Recorded data ▸
=-=-=-=-=

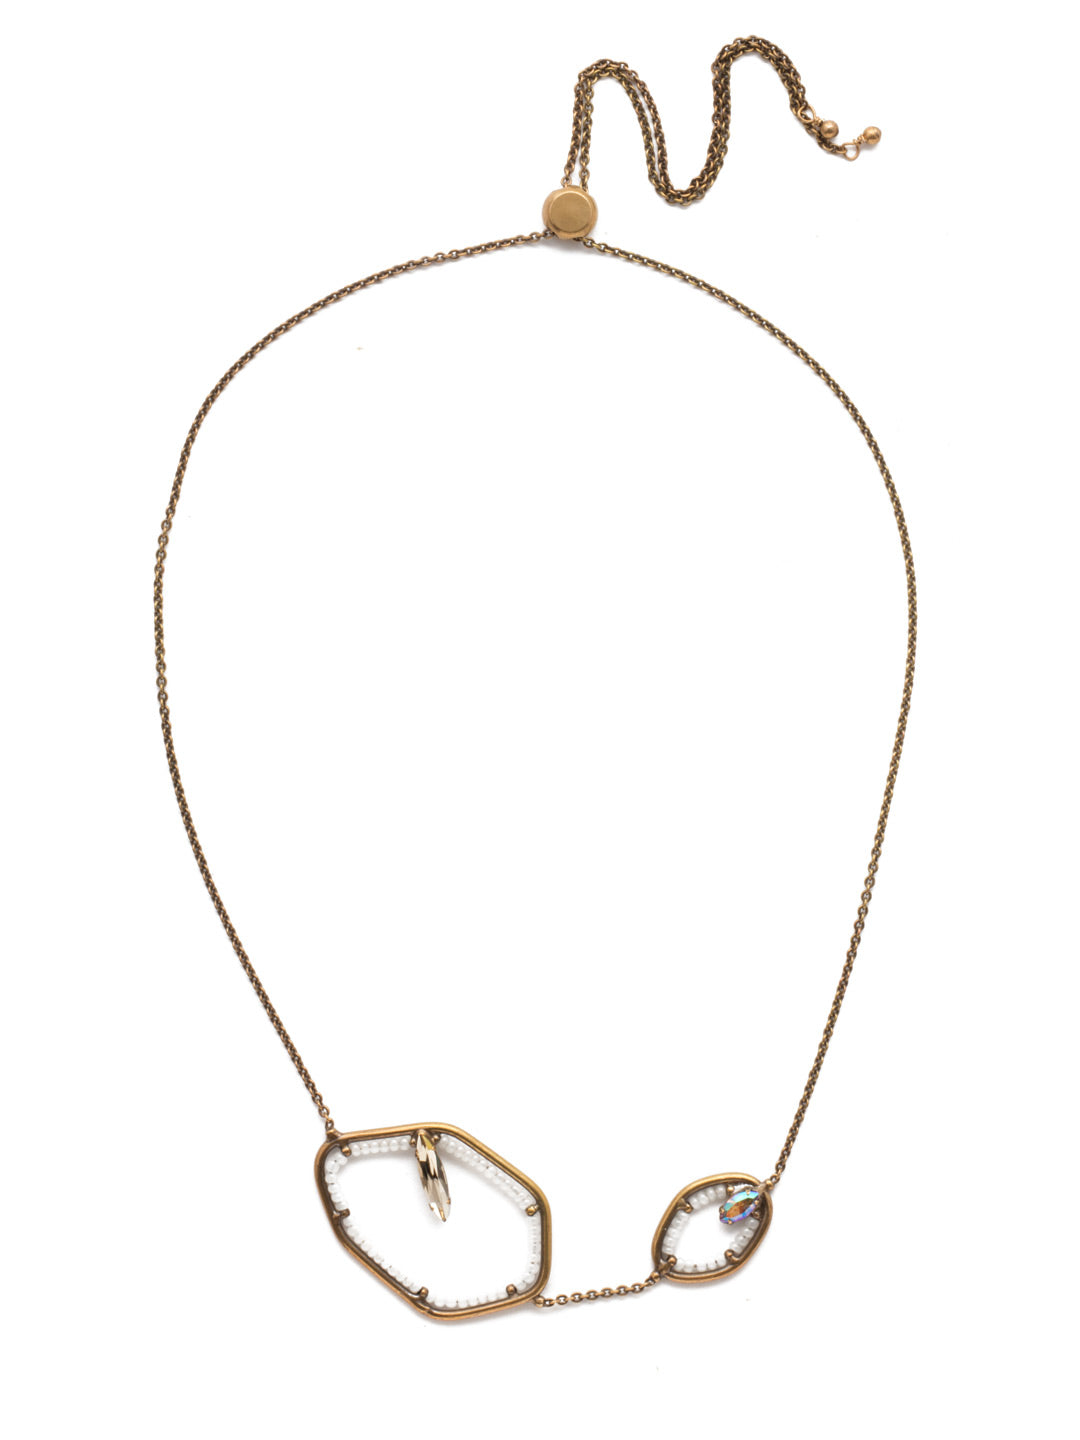 Aphelia Statement Necklace - NEK16AGROB - <p>Looking for a statement piece? Grab this architectural beauty featuring navette-shaped crystals and delicate beadwork on a slider chain statement necklace. From Sorrelli's Rocky Beach collection in our Antique Gold-tone finish.</p>
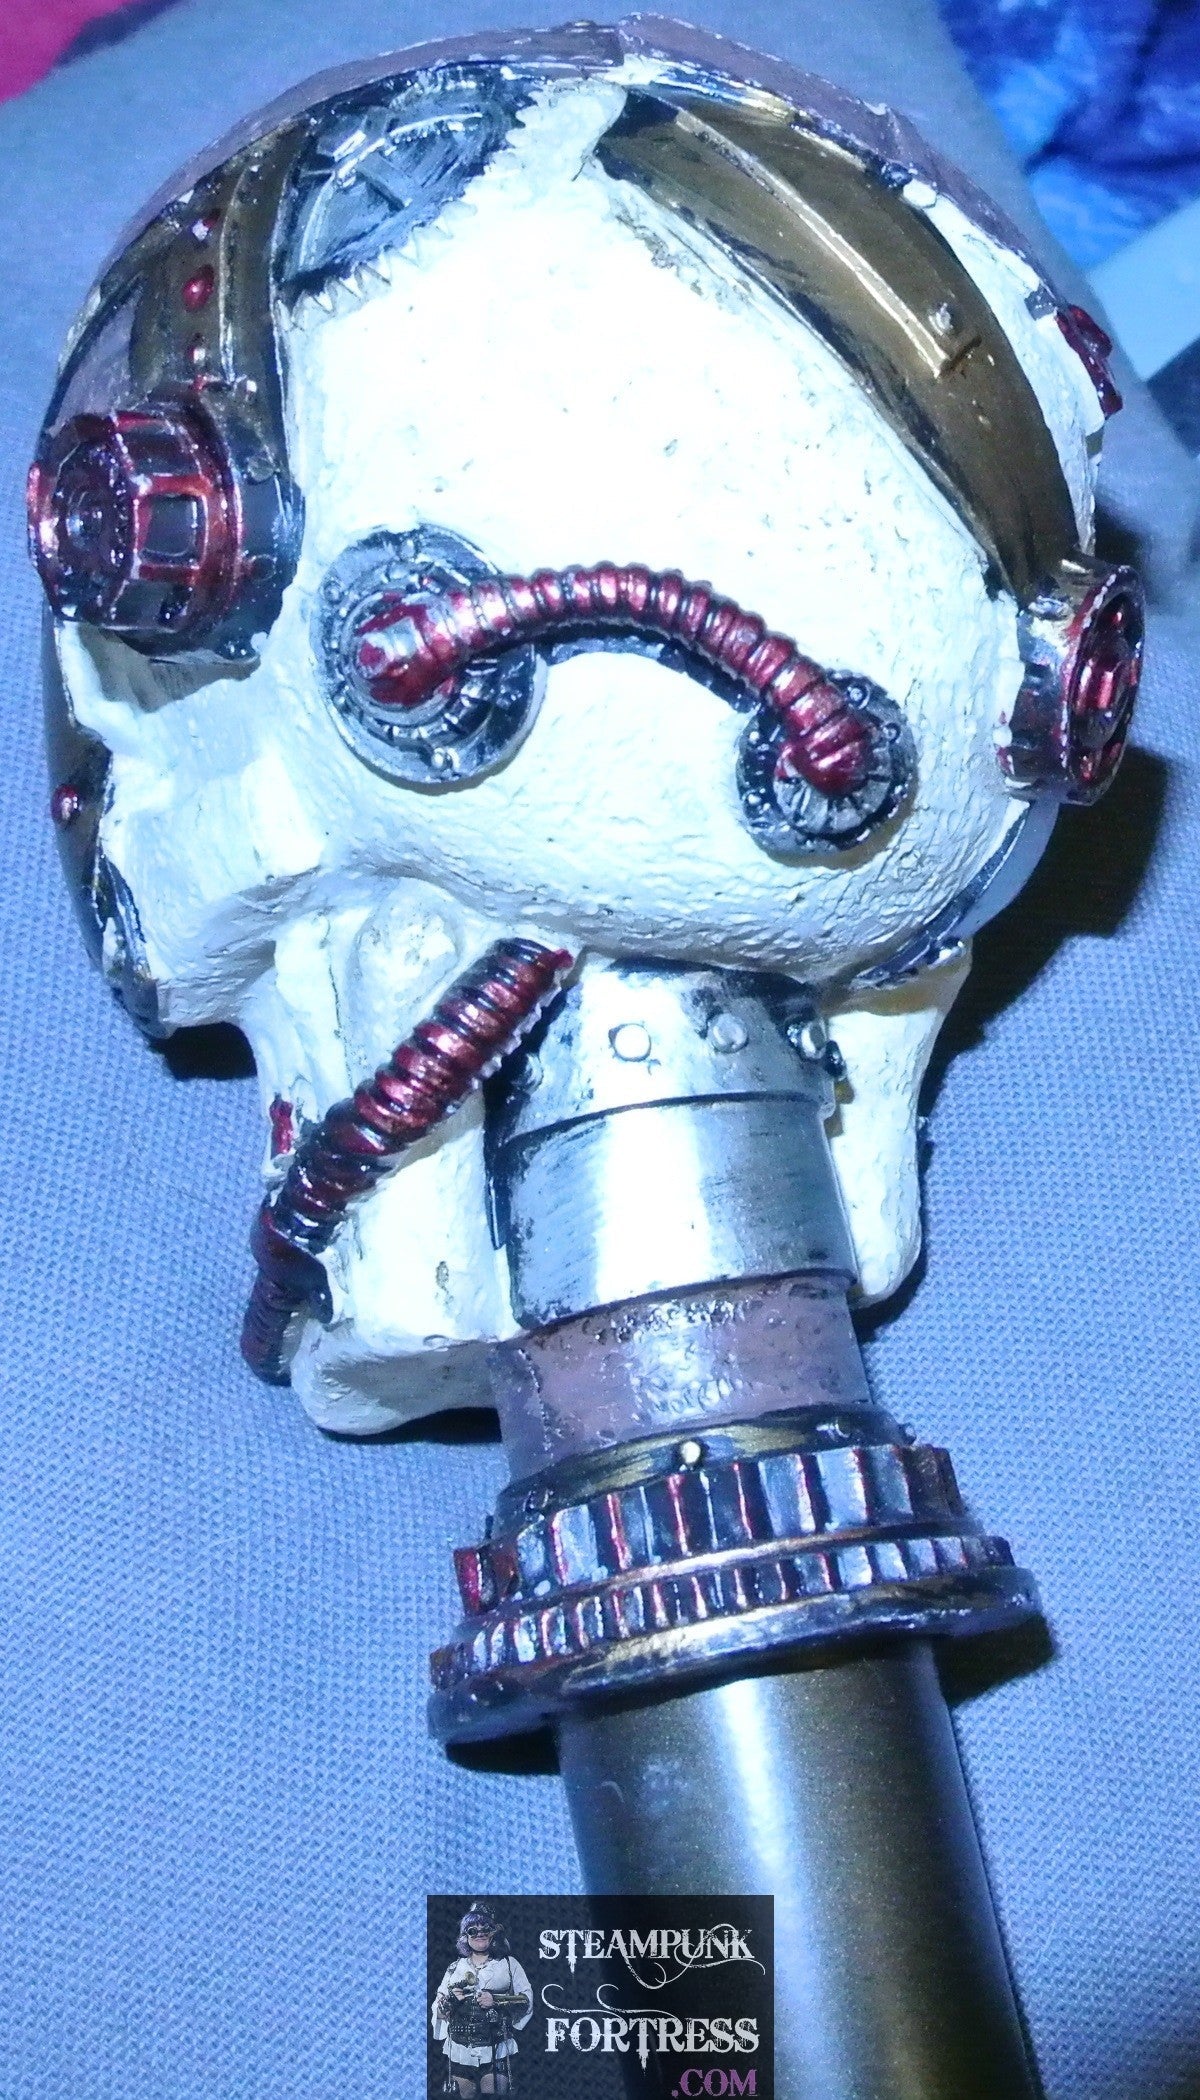 BROWN CERAMIC SKULL MONOCLE SKULL SKELETON STEAMPUNK METAL CANE **DISCONTINUED** MASS PRODUCED DUPLICATE
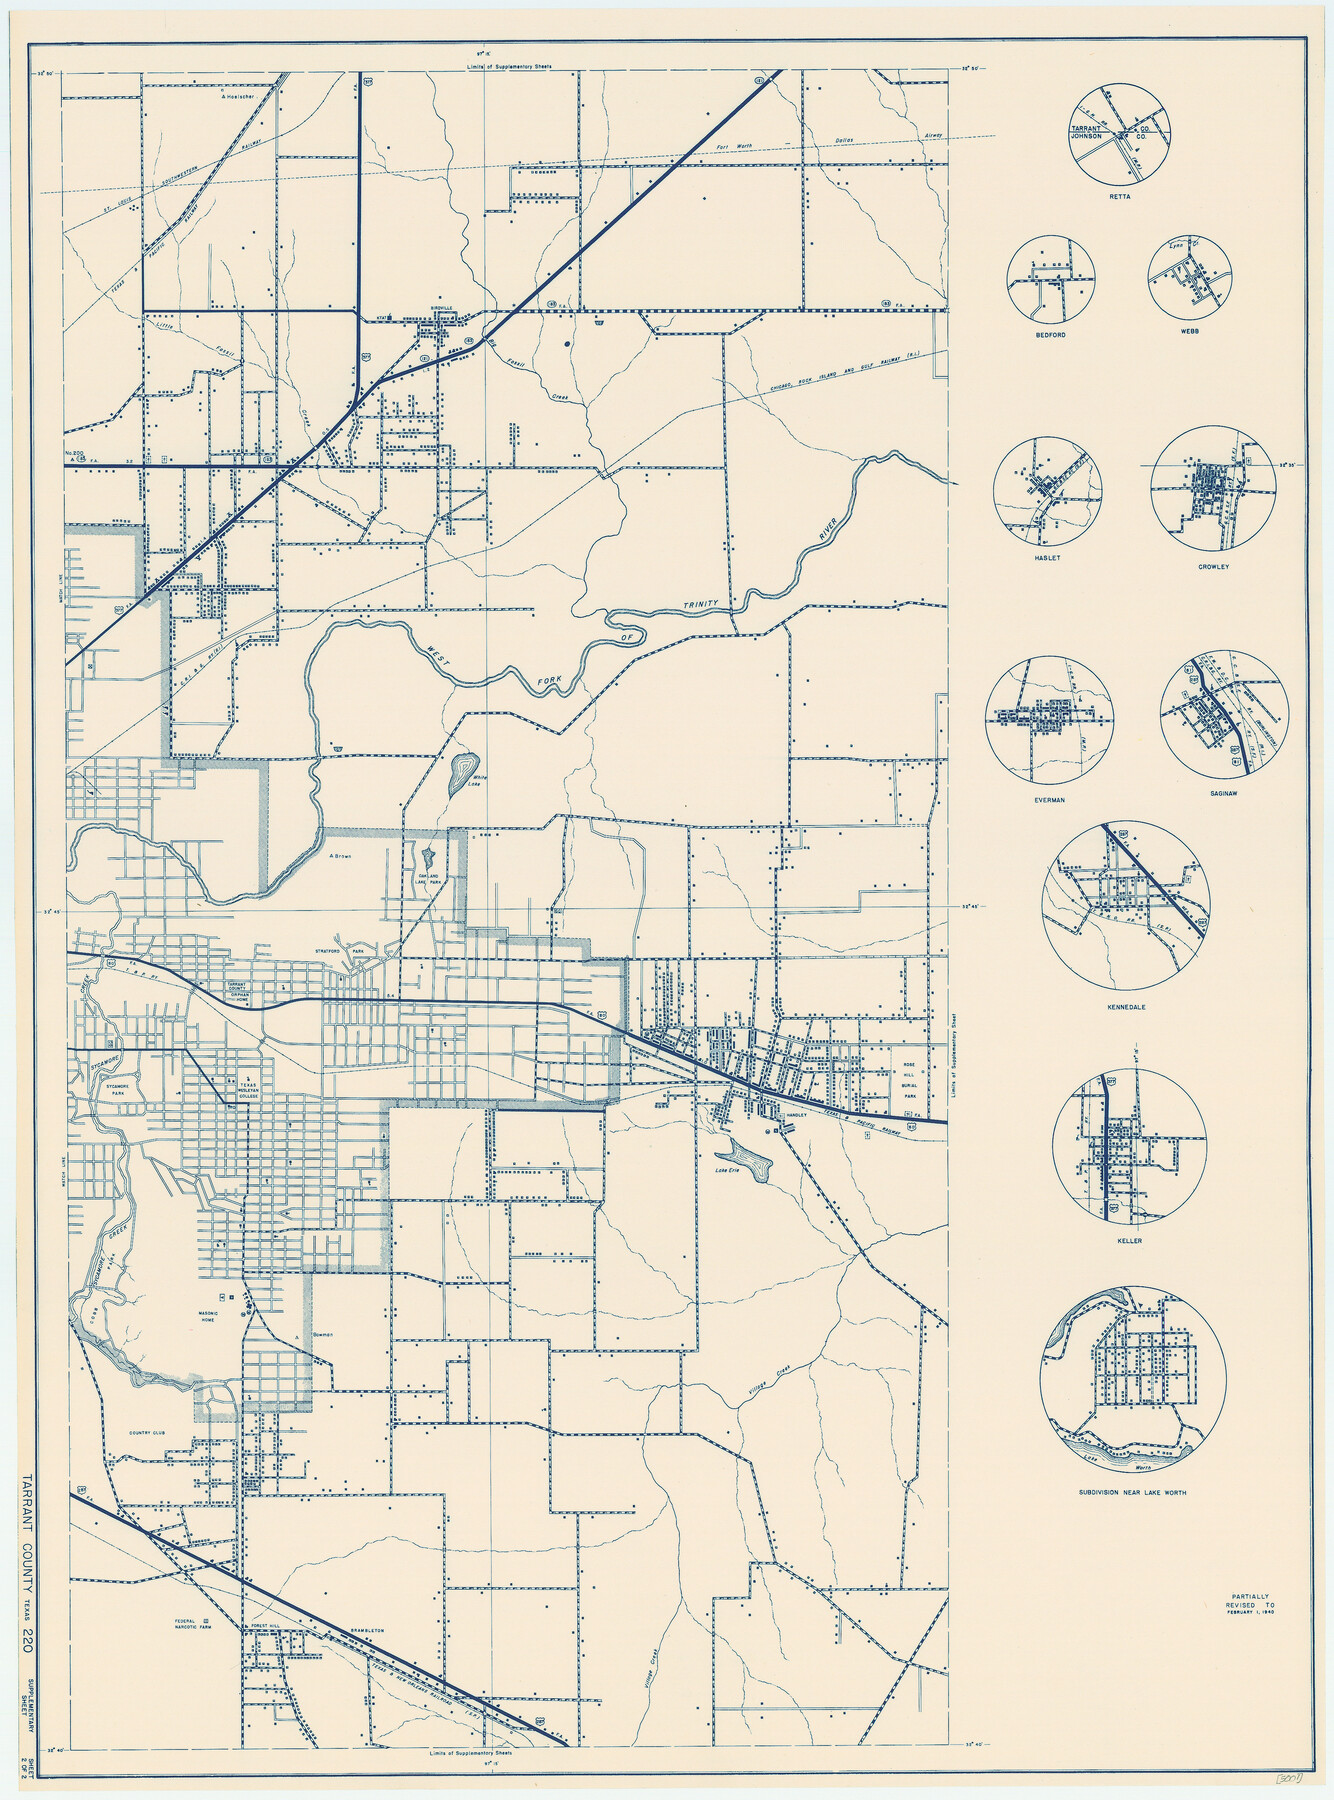 79253, General Highway Map.  Detail of Cities and Towns in Tarrant County, Texas [Fort Worth and vicinity], Texas State Library and Archives

=-=-=-=-=

Instructions to follow ▸ Your task is to restate word for word the lines from the top of the data to the line containing "BROWN CERAMIC SKULL", both ends included, with every picture left out.

Result for this task ▸
 Aphelia Statement Necklace - NEK16AGROB - <p>Looking for a statement piece? Grab this architectural beauty featuring navette-shaped crystals and delicate beadwork on a slider chain statement necklace. From Sorrelli's Rocky Beach collection in our Antique Gold-tone finish.</p>
 BROWN CERAMIC SKULL MONOCLE SKULL SKELETON STEAMPUNK METAL CANE **DISCONTINUED** MASS PRODUCED DUPLICATE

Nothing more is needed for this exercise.